Por Giovanny Manosalvas

Hace algún tiempo, en una de esas mañanas parisinas extraviadas entre el frío y la lluvia, un impertinente manuscrito llegó ante una enorme puerta de madera. Aquel jovencito alemán, autor de esas breves notas, contaba con —apenas— 26 años y había dejado, como «quien no quiere la cosa», introduciendo algunas exquisiteces que, al parecer, hasta ahora podrían iluminar algunas de nuestras más profundas obscuridades.

Así se nos revelaba, entonces, la noción de trabajo «alienado o enajenado». Irrumpía sin miedo la idea de que el trabajo, ciertamente, se realizaba para un (alien) otro, para un ajeno. Es decir, se trabajaba, al fin, para que otro se llevase el valor del esfuerzo. Nos proponía, aquel jovencito, que el trabajador construía con sus manos un valor que, luego, le era despojado, pues solo recibía una pequeña parte de lo que creaba. ¡Vaya insolencia!

De esta fisura, goteaban dos tipos de seres humanos: los que, por un lado, trabajaban bajo la obligación de la implacable sobrevivencia y, por otro, aquellos que lo hacían para su propia posibilidad de realización. La mayoría termina, sin culpa, extraviándose por camino primero —decía—.

En verdad, el trabajo «alienado o enajenado» —sostenía— descansa sobre cuatro abandonos. Quizás el más alucinante, el último: el extravío de lo humano con su ser (esencial), pues lejos de lo que se esperaría fuese el trabajo, como el medio posibilitador y grandioso para la realización humana, ocurría —en verdad— lo contrario.

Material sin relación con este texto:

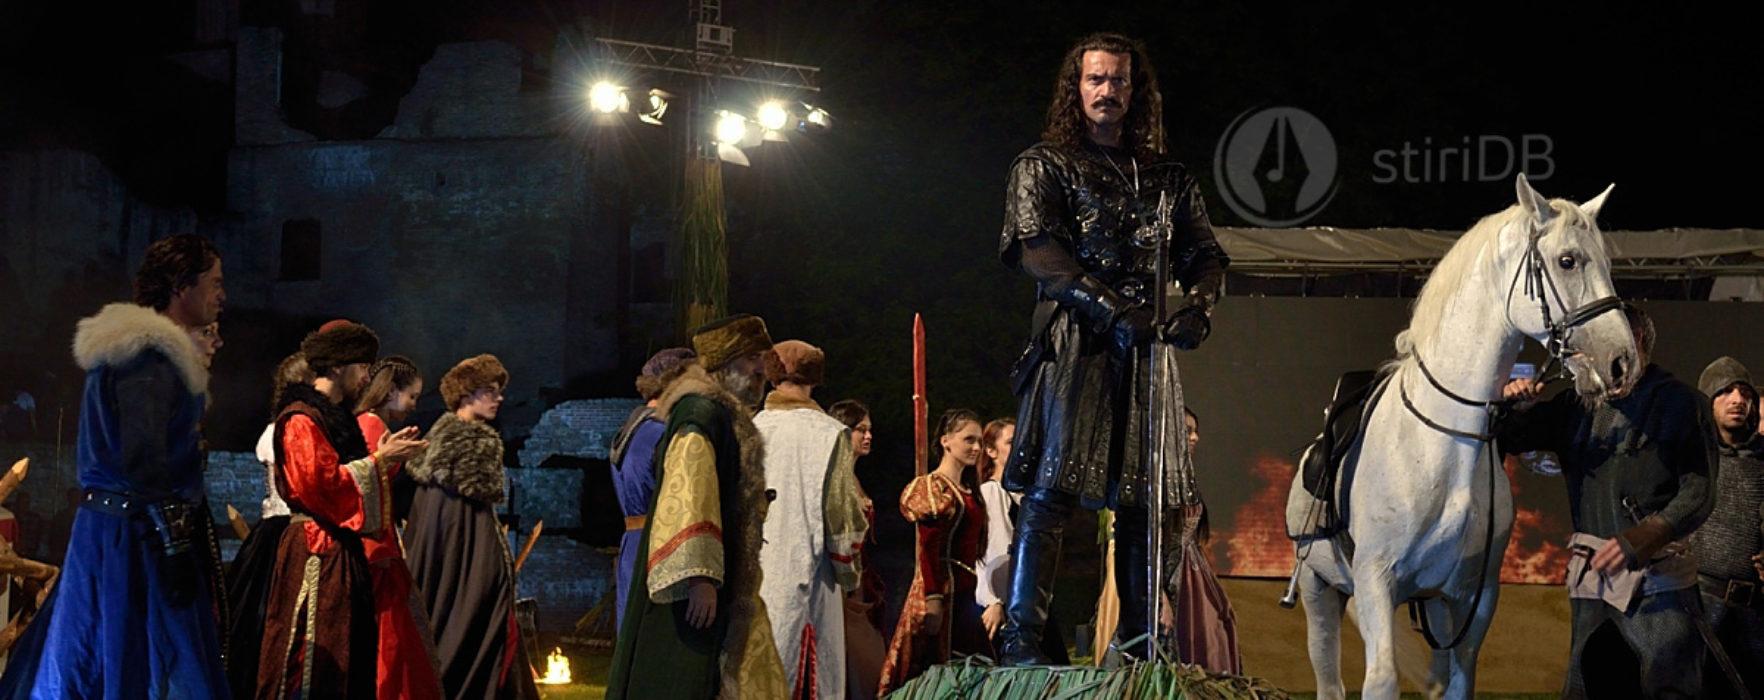 De ce Primăria Târgovişte nu vrea să promoveze Festivalul Dracula?

Lamentablemente —decía ese jovencito— donde deberíamos percibirnos más humanos, más dichosos, que es en el trabajo, nos sentimos como animales. Y solo nos reconocemos humanos en las funciones más elementales, más básicas de la existencia: el comer, el beber o el dormir. Es decir, al final, únicamente nos sentimos humanos cuando somos (más) animales.      

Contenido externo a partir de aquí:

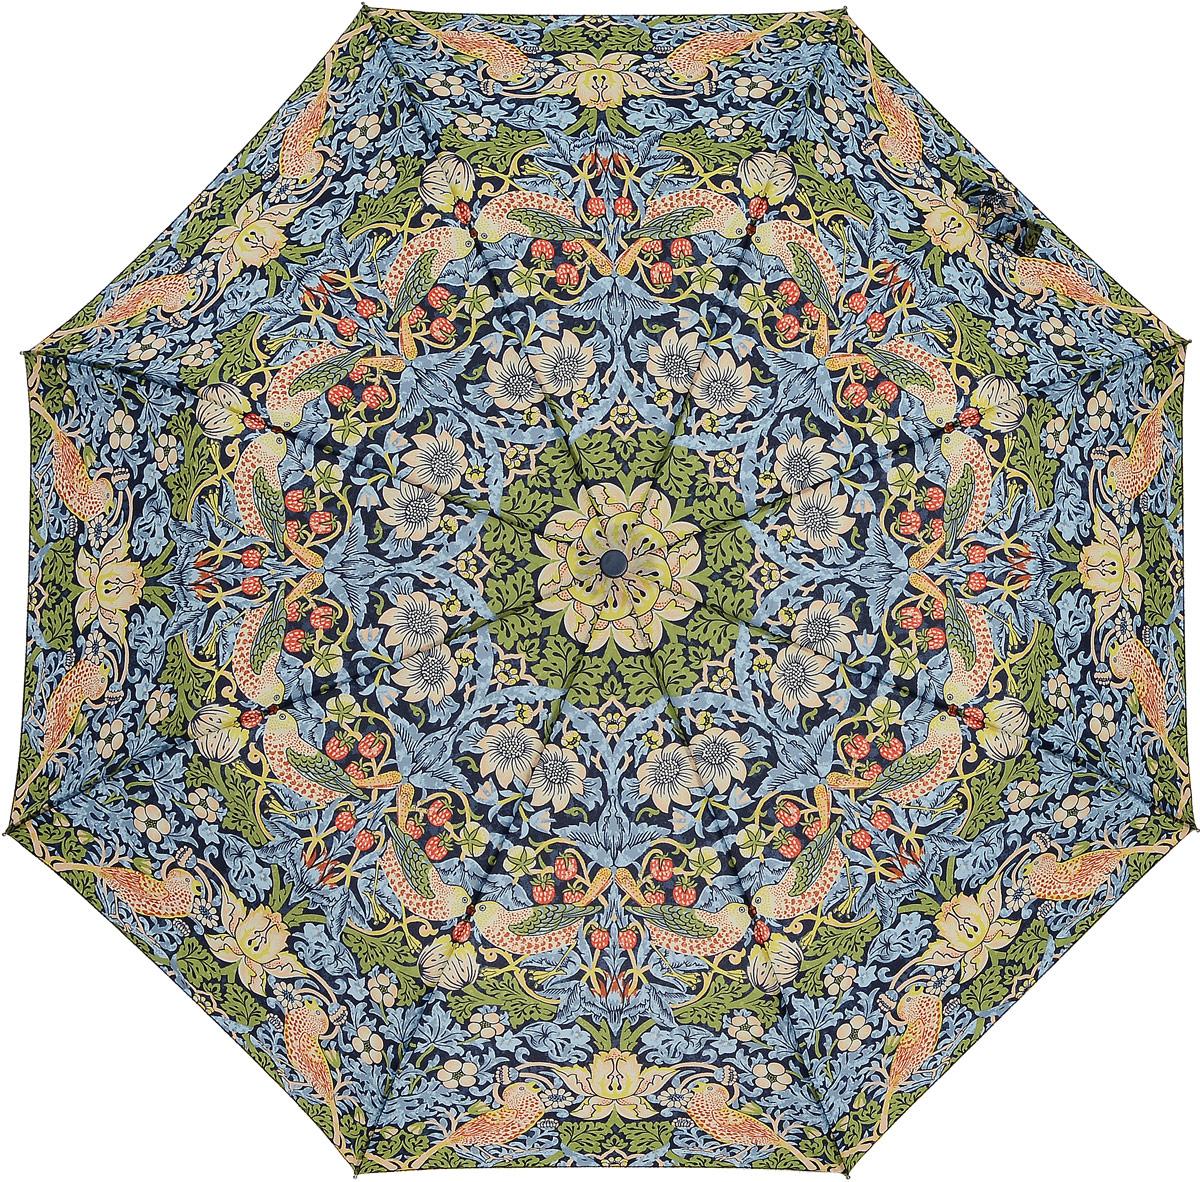 Зонт женский Morris & Co Minilite, механический, 3 сложения, цвет: мультиколор. L757-2333L757-2333 StrawberryThiefСтильный механический зонт Morris & Co Minilite в 3 сложения даже в ненастную погоду позволит вам оставаться элегантной. Облегченный каркас зонта выполнен из 8 спиц из фибергласса и алюминия, стержень также изготовлен из алюминия, удобная рукоятка - из дерева. Купол зонта выполнен из прочного полиэстера и оформлен оригинальным красочным принтом. В закрытом виде застегивается хлястиком на липучку. Зонт механического сложения: купол открывается и закрывается вручную до характерного щелчка. На рукоятке для удобства есть небольшой шнурок, позволяющий при необходимости надеть зонт на руку. К зонту прилагается чехол. Такой зонт компактно располагается в глубоком кармане, сумочке, дверке автомобиля.

¿Tendría sentido, esta inusitada sospecha, a la hora de comprender una parte o la totalidad de nuestros vacíos? ¿Se podría desbaratar lo que habita entre la irreverente encrucijada de los lunes de agonía y la algarabía de los viernes?

Los treces de todos los eneros, por cierto, la humanidad remuerde el vértigo de sus abismos, pues recuerda su permanente batalla contra la depresión que, desde cada pulsión, se libra todos los días. Tal vez, y solo tal vez, habría que darle —por tanto— un par de minutos a ese friolento jovencito que, desde la más feroz crítica, aquella tarde nos regaló su interpretación de una sociedad profundamente lesionada, construida bajo la sombra del capitalismo.    

Buena suerte en cada una de nuestras batallas, entonces.  

Texto referido: Los Cuadernos de París (1844) de Carlos Marx.